Attribute slow Postgres queries to the request or background job that fired them
Tag every BigQuery call with tenant and region for audit logs
Capture AI agent generated SQL with actor and operation fields for review
Forward query context into OpenTelemetry traces for end-to-end debugging
You must call datacontext.configure once at startup and wrap the right data-access functions, otherwise no events fire.

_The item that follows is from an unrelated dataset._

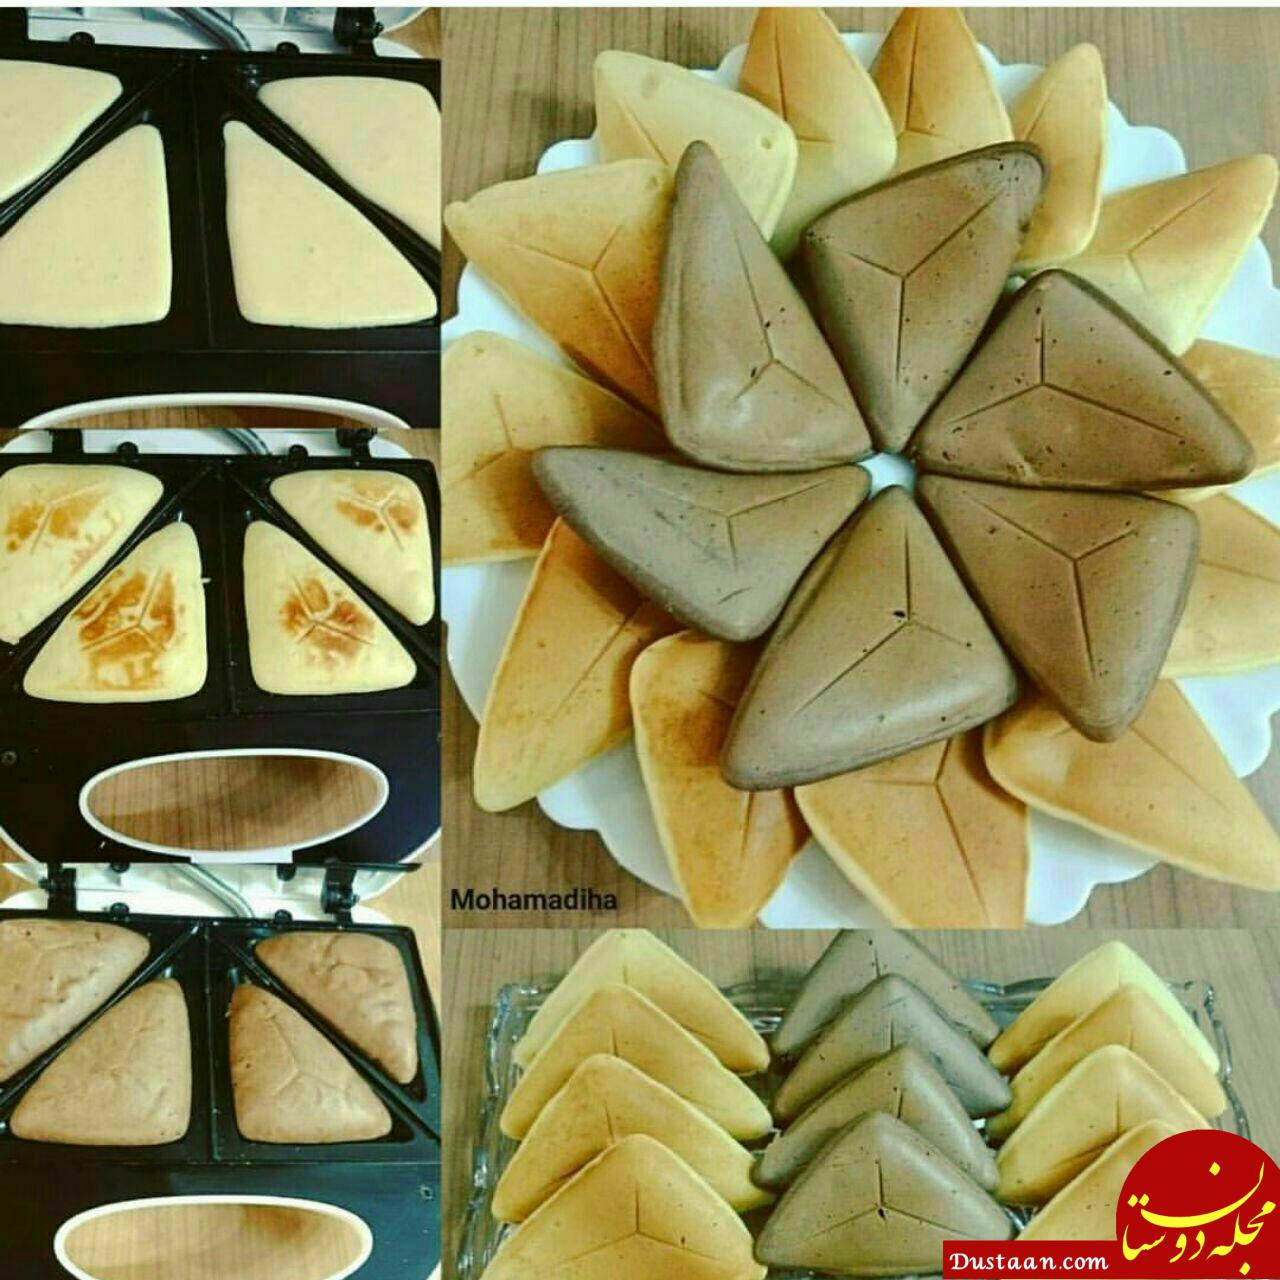 www.dustaan.com طرز تهیه کیک ساده مثلثی با ساندویچ ساز به سبکی خوشمزه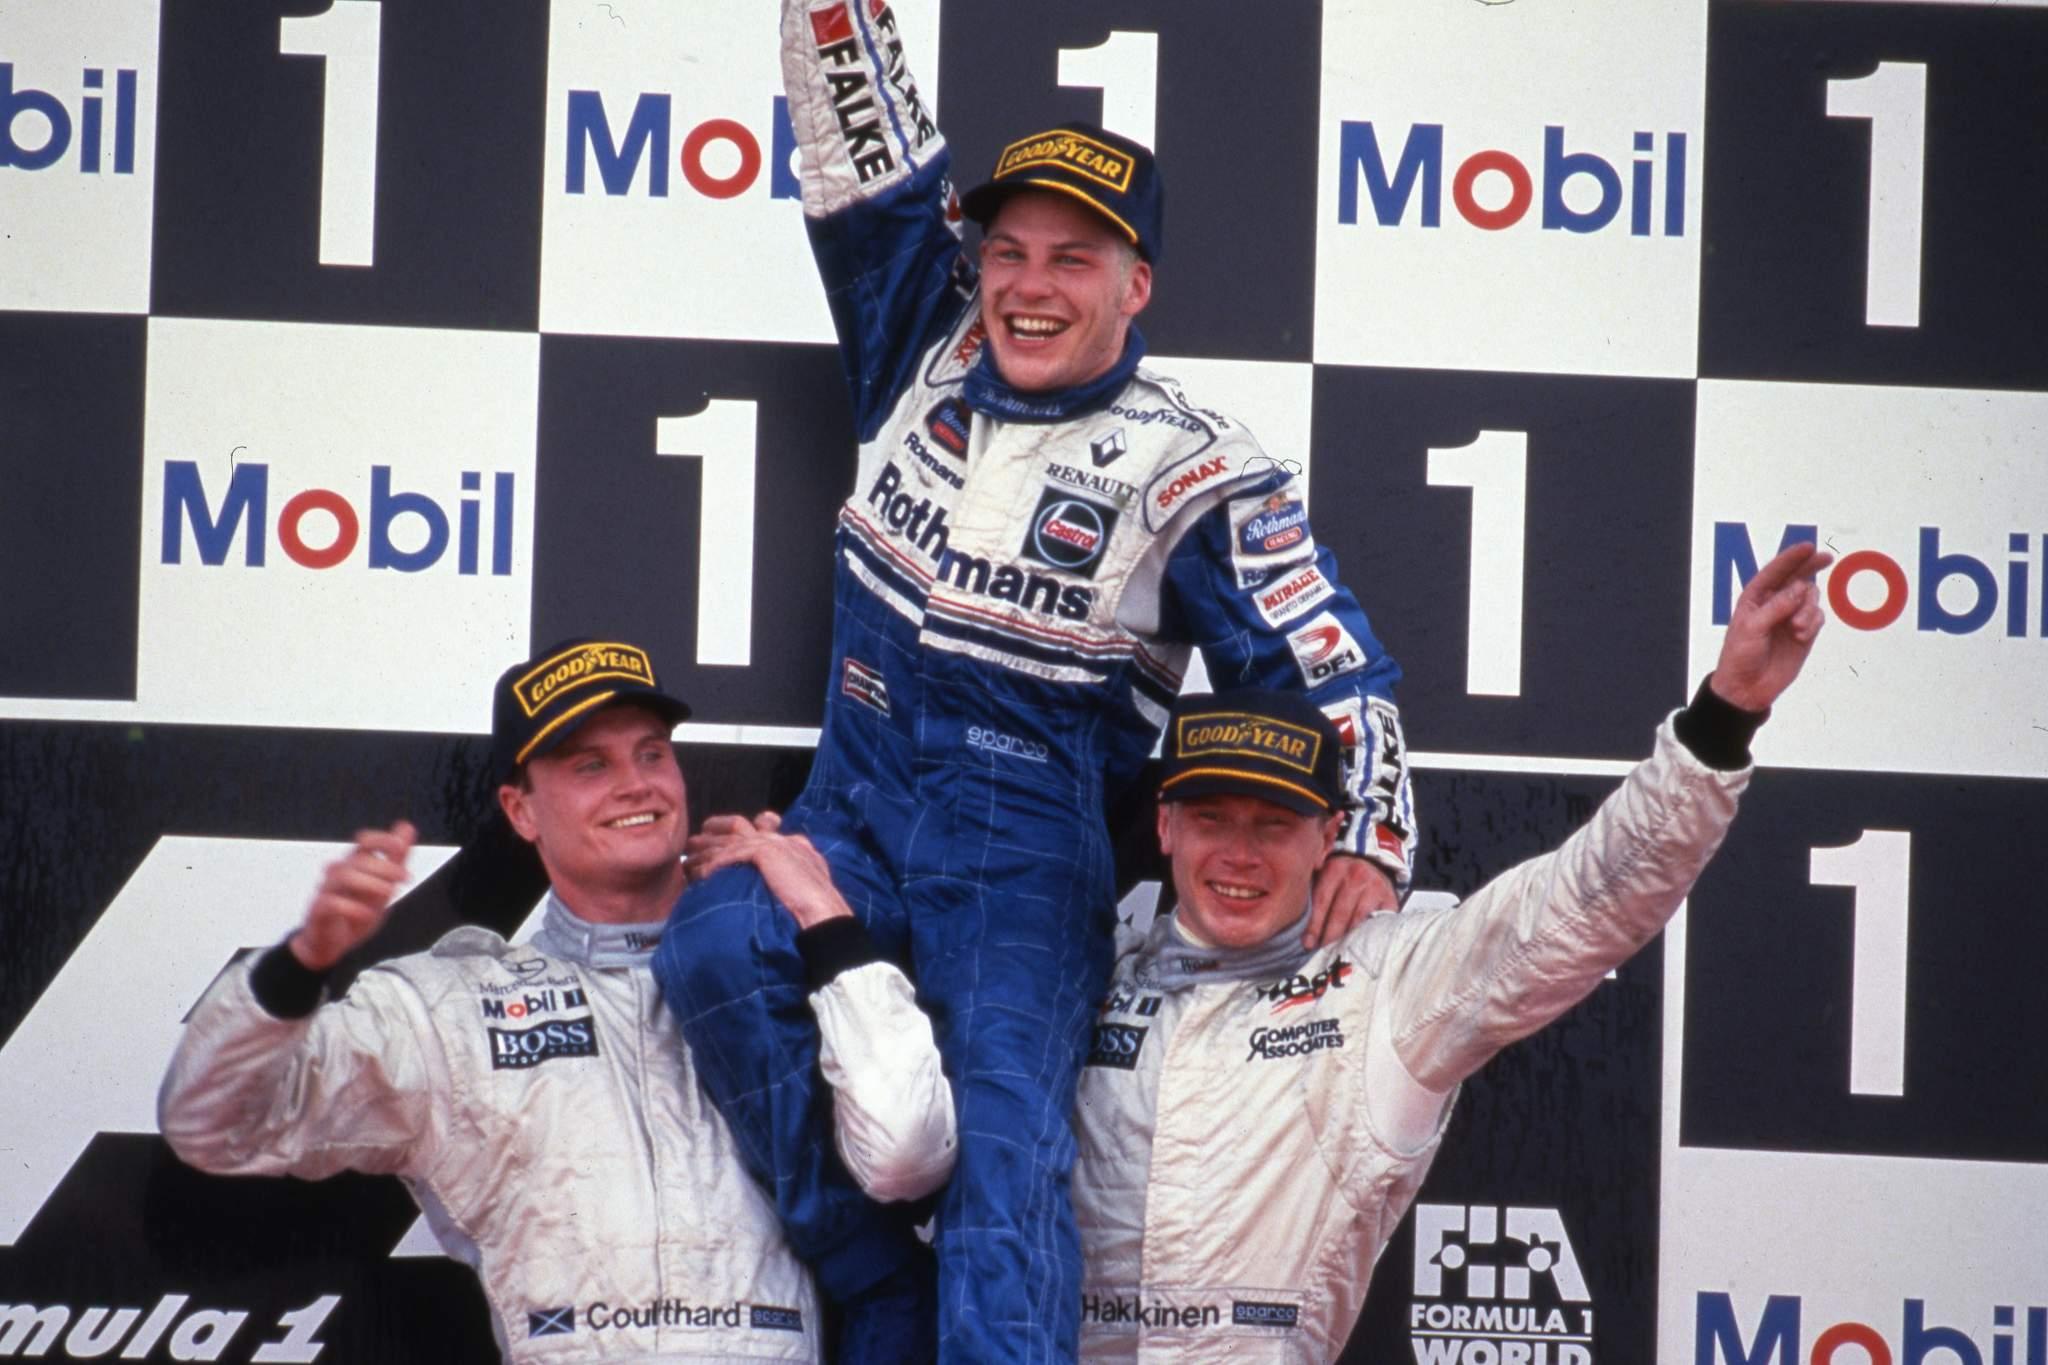 European Grand Prix Jerez Se La Frontera (esp) 24 26 10 1997

DataContext is a Python library for figuring out which part of an application caused a specific database query. In a live service, by the time a slow or strange query reaches the logs or the database team, the link back to the request, background job, or AI agent that triggered it has usually been lost. DataContext attaches that runtime context to every query as it happens, so the people on call can answer the question of who actually sent it. The library is installed from PyPI with pip install datacontext, and it has optional extras for OpenTelemetry, SQLAlchemy, PostgreSQL, BigQuery, Snowflake, Dagster, and dbt. To use it, the developer calls datacontext.configure once at startup, naming the service, the environment, and the data-access function that should be wrapped. From then on, every call to that function emits one finished event when it returns or raises an exception. The author stresses that wrappers keep return values and exceptions exactly as they were, and that if the library itself fails the application keeps running. Each emitted event is a JSON object with a stable shape: the event name, start and end timestamps, the service and environment, the database system and client name, a SHA-256 fingerprint of the query, a sanitized version of the SQL, the duration in milliseconds, and the file, line, function, and short stack of the code that issued it. When the developer wraps a block of code in a context.use(...) block, fields like operation, actor, request_id, tenant, and region are added to every query captured inside it. If OpenTelemetry is active, the trace_id and span_id are attached as well. DataContext is described as deliberately small and early. The supported instrumentation today is manual helpers, function wrapping, native SQLAlchemy, PostgreSQL, BigQuery, and Snowflake hooks, plus Dagster and dbt execution-context attribution. Output goes to JSONL files, a callback function, or an OpenTelemetry-oriented sink. The maintainers say further database clients and ORMs will be prioritized based on real requests in GitHub Discussions and issues. The production-behavior section lists the safety rules: wrappers do not swallow exceptions, capture failures fall back to a minimal event, sink failures are logged and dropped, and raw SQL is opt-in while sanitized text is the default.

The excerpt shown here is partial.